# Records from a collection
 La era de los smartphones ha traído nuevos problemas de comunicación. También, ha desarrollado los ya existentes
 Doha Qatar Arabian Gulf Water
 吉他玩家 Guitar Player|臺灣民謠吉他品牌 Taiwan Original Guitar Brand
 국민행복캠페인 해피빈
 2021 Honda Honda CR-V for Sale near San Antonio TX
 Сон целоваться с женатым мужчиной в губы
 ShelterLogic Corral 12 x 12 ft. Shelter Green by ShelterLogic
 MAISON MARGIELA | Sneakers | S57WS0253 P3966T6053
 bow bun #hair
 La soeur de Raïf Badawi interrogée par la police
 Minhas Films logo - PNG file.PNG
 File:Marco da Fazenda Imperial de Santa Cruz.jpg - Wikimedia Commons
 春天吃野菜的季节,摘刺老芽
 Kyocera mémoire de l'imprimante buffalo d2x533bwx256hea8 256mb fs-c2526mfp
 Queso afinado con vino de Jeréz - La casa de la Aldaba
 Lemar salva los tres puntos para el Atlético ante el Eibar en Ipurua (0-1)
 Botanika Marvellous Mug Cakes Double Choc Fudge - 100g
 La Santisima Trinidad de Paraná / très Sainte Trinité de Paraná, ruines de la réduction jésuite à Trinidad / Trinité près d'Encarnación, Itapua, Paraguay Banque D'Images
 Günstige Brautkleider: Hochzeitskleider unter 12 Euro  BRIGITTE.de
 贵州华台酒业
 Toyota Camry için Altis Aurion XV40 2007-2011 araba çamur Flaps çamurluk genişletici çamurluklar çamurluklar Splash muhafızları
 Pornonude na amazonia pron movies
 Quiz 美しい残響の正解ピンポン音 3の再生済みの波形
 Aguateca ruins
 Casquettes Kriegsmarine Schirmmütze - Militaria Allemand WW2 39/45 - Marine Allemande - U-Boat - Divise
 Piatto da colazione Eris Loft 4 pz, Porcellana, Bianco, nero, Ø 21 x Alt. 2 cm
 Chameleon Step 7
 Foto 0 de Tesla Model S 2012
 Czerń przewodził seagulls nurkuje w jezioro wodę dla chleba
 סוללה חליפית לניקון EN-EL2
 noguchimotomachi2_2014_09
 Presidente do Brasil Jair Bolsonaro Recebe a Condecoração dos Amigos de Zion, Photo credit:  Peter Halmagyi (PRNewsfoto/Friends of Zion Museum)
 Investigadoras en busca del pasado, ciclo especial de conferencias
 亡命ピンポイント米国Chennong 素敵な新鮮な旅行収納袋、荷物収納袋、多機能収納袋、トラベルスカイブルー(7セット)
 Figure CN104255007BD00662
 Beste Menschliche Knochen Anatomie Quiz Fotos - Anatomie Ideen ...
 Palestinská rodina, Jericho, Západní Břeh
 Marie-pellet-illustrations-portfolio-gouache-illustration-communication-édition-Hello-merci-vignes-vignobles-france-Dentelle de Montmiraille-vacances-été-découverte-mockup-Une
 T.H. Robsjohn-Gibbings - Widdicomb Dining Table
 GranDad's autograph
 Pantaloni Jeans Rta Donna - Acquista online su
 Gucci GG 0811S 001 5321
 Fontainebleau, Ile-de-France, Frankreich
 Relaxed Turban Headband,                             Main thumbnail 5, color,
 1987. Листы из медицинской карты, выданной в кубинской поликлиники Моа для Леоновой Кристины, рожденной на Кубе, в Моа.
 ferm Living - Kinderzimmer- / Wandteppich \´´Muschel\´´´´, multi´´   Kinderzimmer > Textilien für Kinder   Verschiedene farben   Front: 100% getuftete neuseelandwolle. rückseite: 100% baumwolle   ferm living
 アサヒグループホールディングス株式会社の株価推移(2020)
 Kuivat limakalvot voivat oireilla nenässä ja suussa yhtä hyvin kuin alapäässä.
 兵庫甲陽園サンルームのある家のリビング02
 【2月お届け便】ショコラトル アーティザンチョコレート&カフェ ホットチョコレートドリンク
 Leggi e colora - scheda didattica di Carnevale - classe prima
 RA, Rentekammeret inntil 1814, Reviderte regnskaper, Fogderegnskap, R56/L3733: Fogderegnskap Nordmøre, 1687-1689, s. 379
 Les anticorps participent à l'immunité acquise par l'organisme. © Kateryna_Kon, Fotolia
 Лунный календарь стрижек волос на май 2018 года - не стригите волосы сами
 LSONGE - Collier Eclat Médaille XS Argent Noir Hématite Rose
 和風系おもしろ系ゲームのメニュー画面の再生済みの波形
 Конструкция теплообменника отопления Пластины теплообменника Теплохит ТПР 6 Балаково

# Directions for this task
From the line with "Лунный календарь стрижек" through the final line of the records, return each line exactly. Leave out the rest.

# Output of the exercise
 Лунный календарь стрижек волос на май 2018 года - не стригите волосы сами
 LSONGE - Collier Eclat Médaille XS Argent Noir Hématite Rose
 和風系おもしろ系ゲームのメニュー画面の再生済みの波形
 Конструкция теплообменника отопления Пластины теплообменника Теплохит ТПР 6 Балаково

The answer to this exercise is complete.